Currently, the substitution is done when visiting a syn::Path and checking if the prefixes of its segments match the attribute generic parameter (T in #[trait_gen(T -> repl1, repl2)]).

Allowing more general substitutions requires to parse syn::ty::Type parameters. Here are a few relevant variants of this type:

pub enum Type {
    /// A fixed size array type: `[T; n]`.
    Array(TypeArray),

    /// A bare function type: `fn(usize) -> bool`.
    BareFn(TypeBareFn),

    /// A type contained within invisible delimiters. (?)
    Group(TypeGroup),
    
    /// A parenthesized type equivalent to the inner type (?).
    Paren(TypeParen),
    
    /// A path like `super::U`, optionally qualified like `<T as Trait>::C`.
    Path(TypePath),

    /// A raw pointer type: `*const T` or `*mut T`.
    Ptr(TypePtr),

    /// A reference type: `&'a T` or `&'a mut T`.
    Reference(TypeReference),

    /// A dynamically sized slice type: `[T]`.
    Slice(TypeSlice),

    /// A tuple type: `(A, B, C, String)`.
    Tuple(TypeTuple),

    // ...
}

Cases

Here is a simple example:

impl AddMod for &U
impl AddMod for &mut U

are ItemImpl, in which self_ty is Type::Reference(TypeReference)

impl AddMod for Box<U>

is an ItemImpl, in which self_ty is Type::Path(TypePath)

    pub struct ItemImpl {
        pub attrs: Vec<Attribute>,
        pub defaultness: Option<Token![default]>,
        pub unsafety: Option<Token![unsafe]>,
        pub impl_token: Token![impl],
        pub generics: Generics,
        pub trait_: Option<(Option<Token![!]>, Path, Token![for])>,
        pub self_ty: Box<Type>,     // <== to replace
        pub brace_token: token::Brace,
        pub items: Vec<ImplItem>,
    }

What are all the cases?
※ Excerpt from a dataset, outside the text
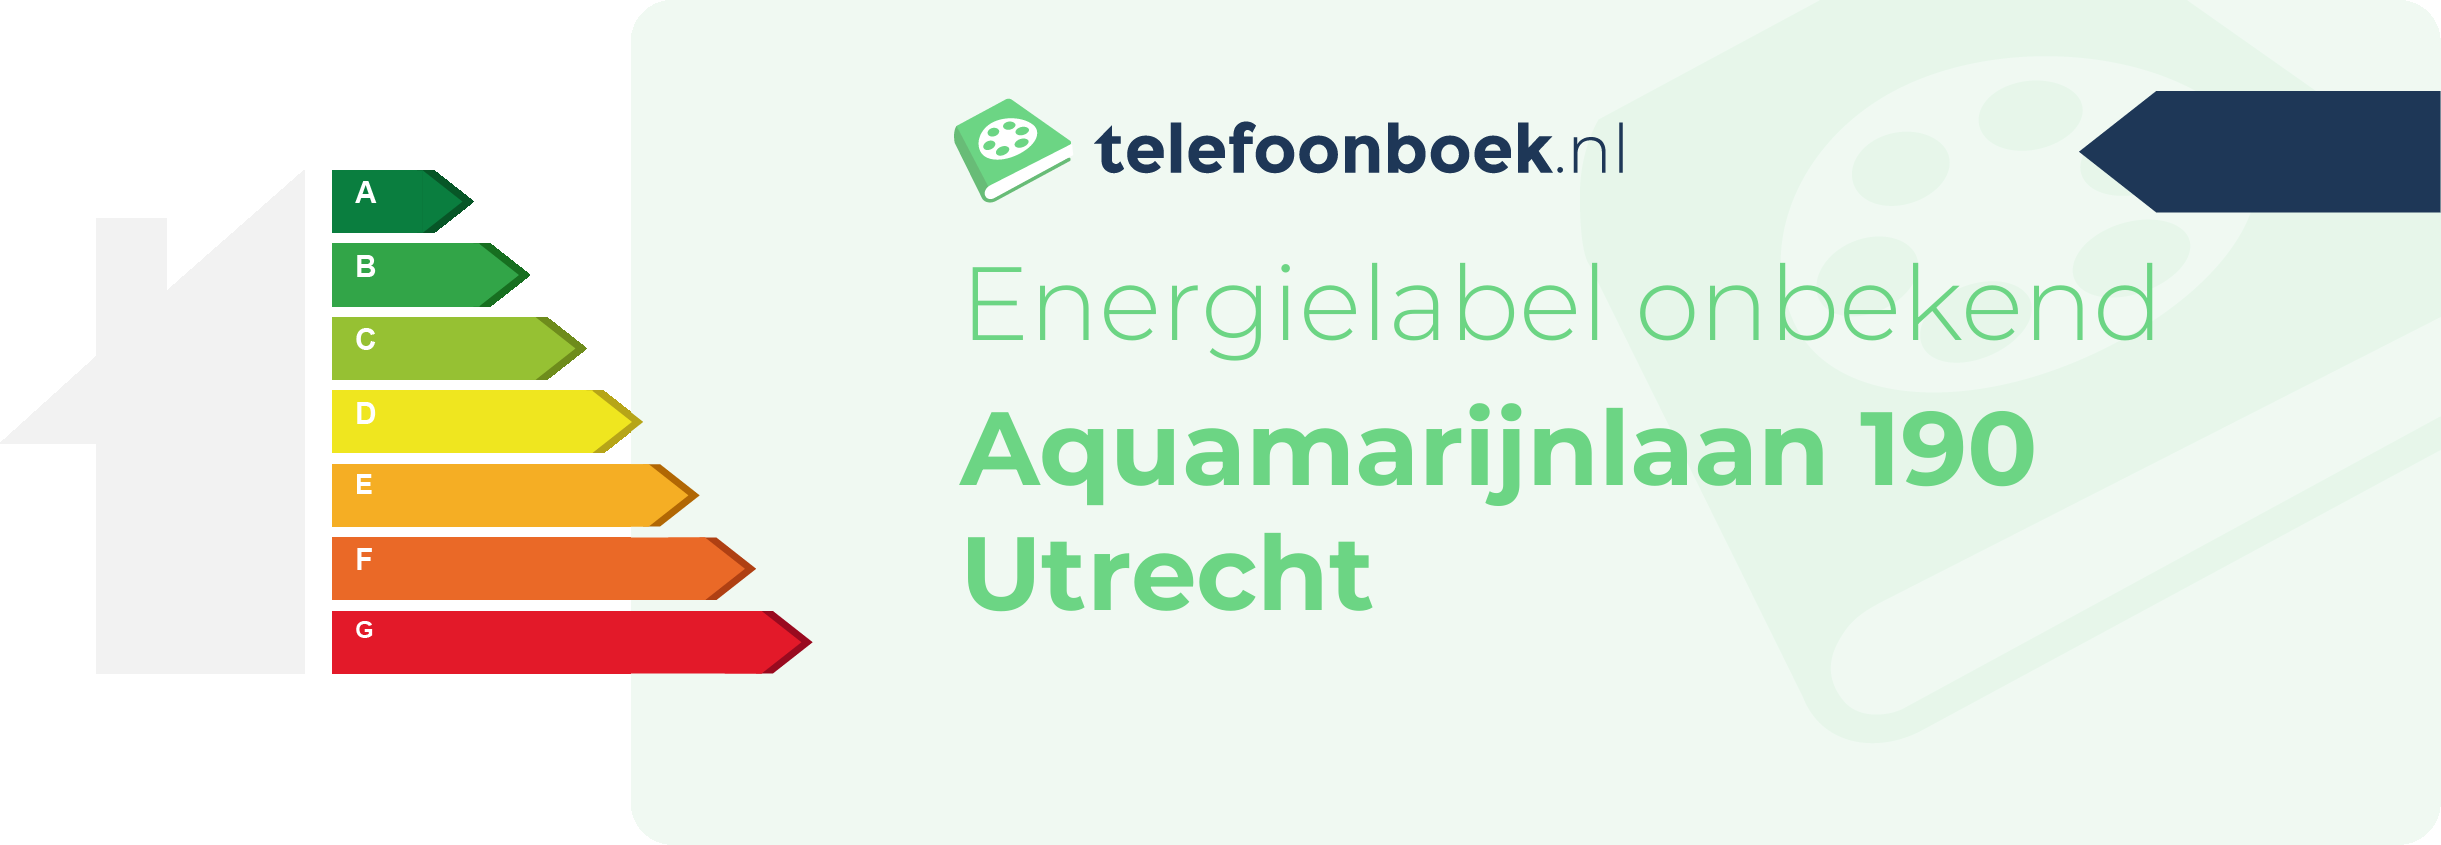 Energielabel Aquamarijnlaan 190 Utrecht

There are many of them:

  • /// A field of a struct or enum variant.
    pub struct Field {
    /// A cast expression: `foo as f64`.
    pub struct ExprCast {
    /// A type ascription expression: `foo: f64`.
    pub struct ExprType #full {
    /// An individual generic argument to a method, like `T`.
    pub enum GenericMethodArgument {
    /// A generic type parameter: `T: Into<String>`.
    pub struct TypeParam {
    /// A const generic parameter: `const LENGTH: usize`.
    pub struct ConstParam {
    /// A type predicate in a `where` clause: `for<'c> Foo<'c>: Trait<'c>`.
    pub struct PredicateType {
    /// An equality predicate in a `where` clause (unsupported).
    pub struct PredicateEq {
    /// A constant item: `const MAX: u16 = 65535`.
    pub struct ItemConst {
    /// An impl block providing trait or associated items: `impl<A> Trait
    pub struct ItemImpl {
    /// A static item: `static BIKE: Shed = Shed(42)`.
    pub struct ItemStatic {
    /// A type alias: `type Result<T> = std::result::Result<T, MyError>`.
    pub struct ItemType {
    /// A foreign static item in an `extern` block: `static ext: u8`.
    pub struct ForeignItemStatic {
    /// An associated constant within the definition of a trait.
    pub struct TraitItemConst {
    /// An associated type within the definition of a trait.
    pub struct TraitItemType {
    /// An associated constant within an impl block.
    pub struct ImplItemConst {
    /// An associated type within an impl block.
    pub struct ImplItemType {
    /// A type ascription pattern: `foo: f64`.
    pub struct PatType {
    /// An individual generic argument, like `'a`, `T`, or `Item = T`.
    pub enum GenericArgument {
    /// A binding (equality constraint) on an associated type: `Item = u8`.
    pub struct Binding {
    /// Arguments of a function path segment: the `(A, B) -> C` in `Fn(A,B) -> C`.
    pub struct ParenthesizedGenericArguments {
    /// The explicit Self type in a qualified path: the `T` in `<T as Display>::fmt`.
    pub struct QSelf {
    /// A fixed size array type: `[T; n]`.
    pub struct TypeArray {
    /// A type contained within invisible delimiters.
    pub struct TypeGroup {
    /// A parenthesized type equivalent to the inner type.
    pub struct TypeParen {
    /// A raw pointer type: `*const T` or `*mut T`.
    pub struct TypePtr {
    /// A reference type: `&'a T` or `&'a mut T`.
    pub struct TypeReference {
    /// A dynamically sized slice type: `[T]`.
    pub struct TypeSlice {
    /// A tuple type: `(A, B, C, String)`.
    pub struct TypeTuple {
    /// An argument in a function type: the `usize` in `fn(usize) -> bool`.
    pub struct BareFnArg {
    /// Return type of a function signature.
    pub enum ReturnType {